** AIM OF THE EXERCISE **
Give a verbatim copy of the lines below, minus the pictures.

** DATA PROVIDED **
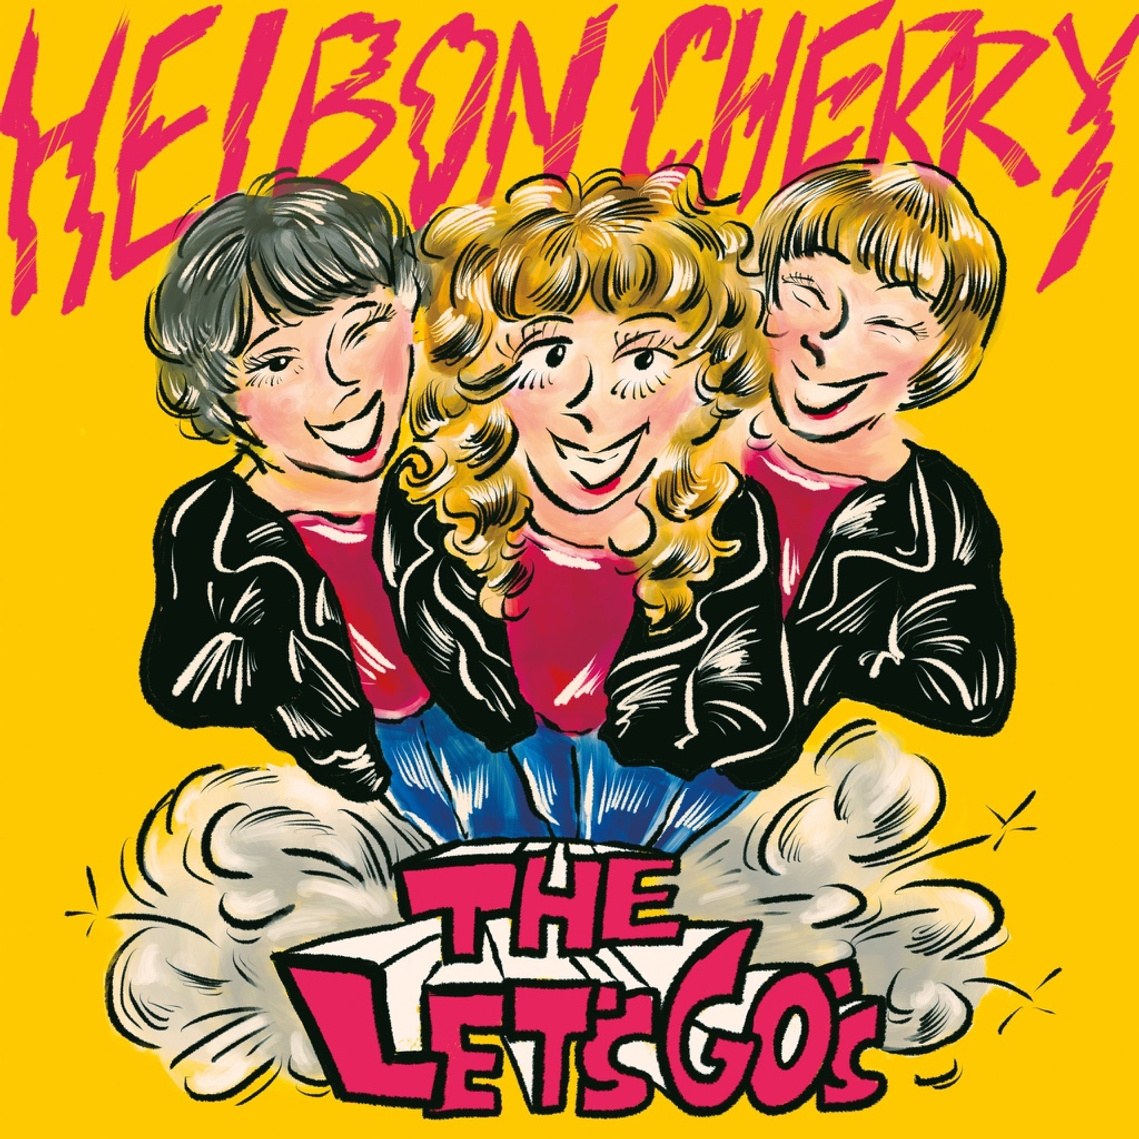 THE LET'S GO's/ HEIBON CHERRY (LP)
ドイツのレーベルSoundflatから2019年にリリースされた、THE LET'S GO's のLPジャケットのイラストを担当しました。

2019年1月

** FINISHED EXERCISE **
 THE LET'S GO's/ HEIBON CHERRY (LP)
ドイツのレーベルSoundflatから2019年にリリースされた、THE LET'S GO's のLPジャケットのイラストを担当しました。

2019年1月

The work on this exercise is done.